Raph and kbx: we had this graph but it's gone from the spreadsheet. nothing wild, noisy => no major insights to gain from there (we think)
ChrisL and Raph: pointing out that the final compression gains achieved by Brotli outperformed our initial goal of half's WOFF 2.0 (LZMA) gains
Whole corpus spreadsheet, explanations of the graphs
Raph, David: LZMA compression gains also improved slightly with continuous stream
Raph and David: (pointing out that decompression speed is the current state and could be improved further since we haven't spent time optimizing for this yet)
Raph: bottom half of the
spreadsheet is for the large fonts corpus
... (decompression rate comparisons of per stream or continuous
stream overhead column H line 2-5 and line 7-9)

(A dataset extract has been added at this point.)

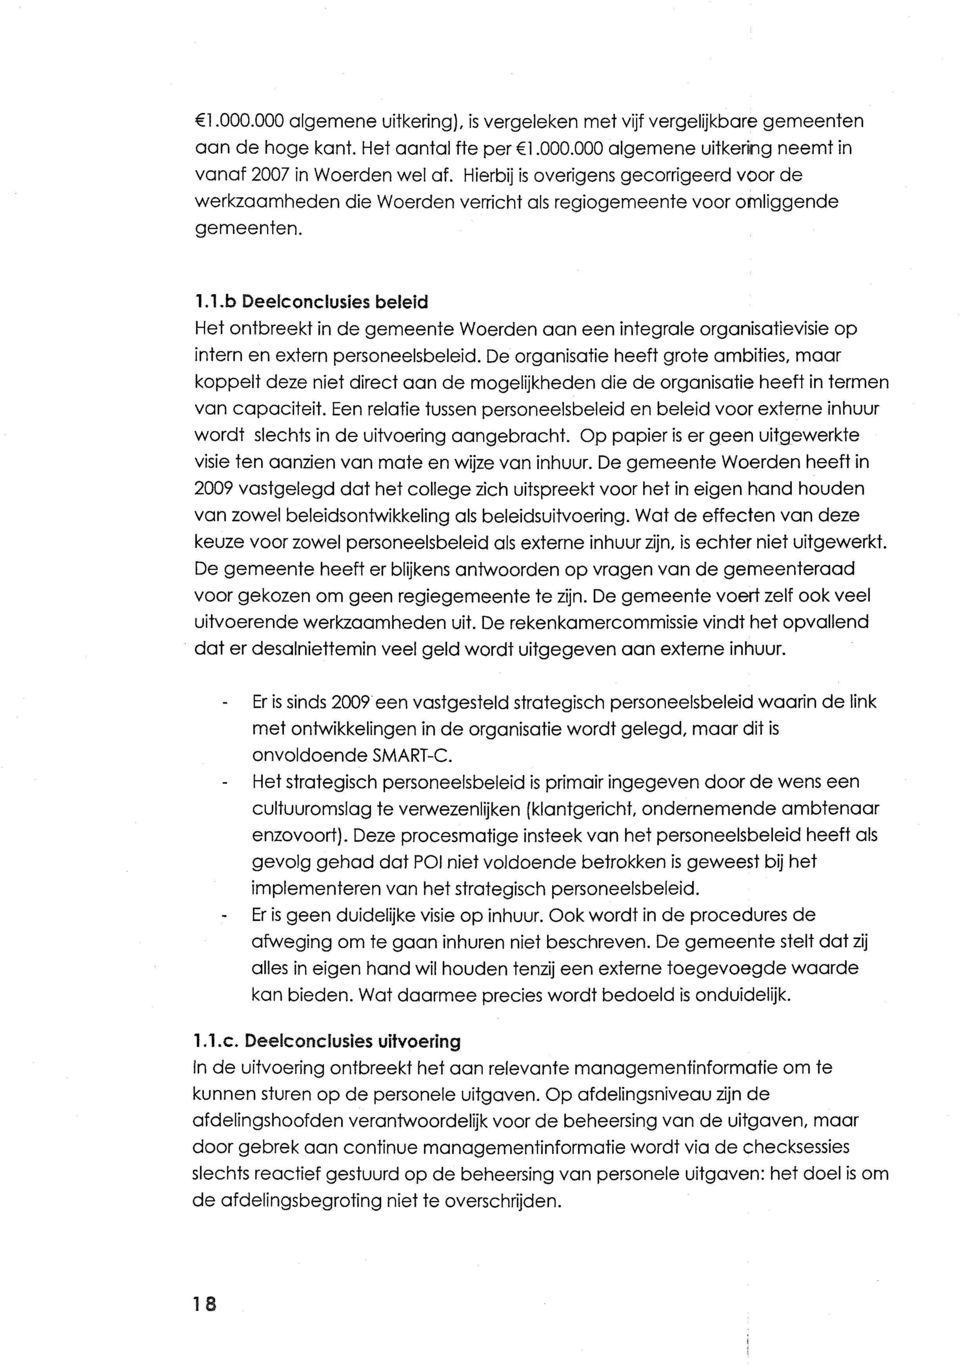 1.b Deelconclusies beleid Het ontbreekt in de gemeente Woerden aan een integrale organisatievisie op intern en extern personeelsbeleid.

<raph> (scribing earlier discussion): the main goal of this work is to optimize fonts that are already well optimized
<ChrisL> scribenick: ChrisL
Vlad: open question, assume google has someone in compression in ietf
<raph> it would be possible to optimize fonts with (for example) very large kern tables but it's not a goal
raph: I assume so but not sure who that is
<raph> it might be worthwhile to rerun the experiment over a corpus that has already had the kern tables optimized, for example using the tool that Adobe presented on Wednesday at ATypI
Vlad: two options, google does it themselves, or submitted to w3c as a proposal and then liaison
<raph> that experiment would separate out the effect of cleaning up sloppily encoded fonts vs general effectiveness
(scribe, clean-up order)
Vlad: dont want us held up to finalize our spec if its not clear who picks it up
<kbx> ChrisL: (explained upcoming changes to which level of specs can be referenced)
<kbx> Raph: suggesting that we reach our IETF representatives for advices on how to proceed further. That should be a matter of 15 minutes discussion.
<kbx> ChrisL: "mostly aimed at fonts", well what else can it do? "http" then you get other folks involved and that might induce delays...
<kbx> Raph: good example would be Flate (IETF)
<kbx> Vlad: additional question would be to find out if it matters who reaches out?
<kbx> scribenick: kbx
Raph: (if it happens that we have difficulties to reconciliate with other groups, we have a good case to make given our use case and the data on hands)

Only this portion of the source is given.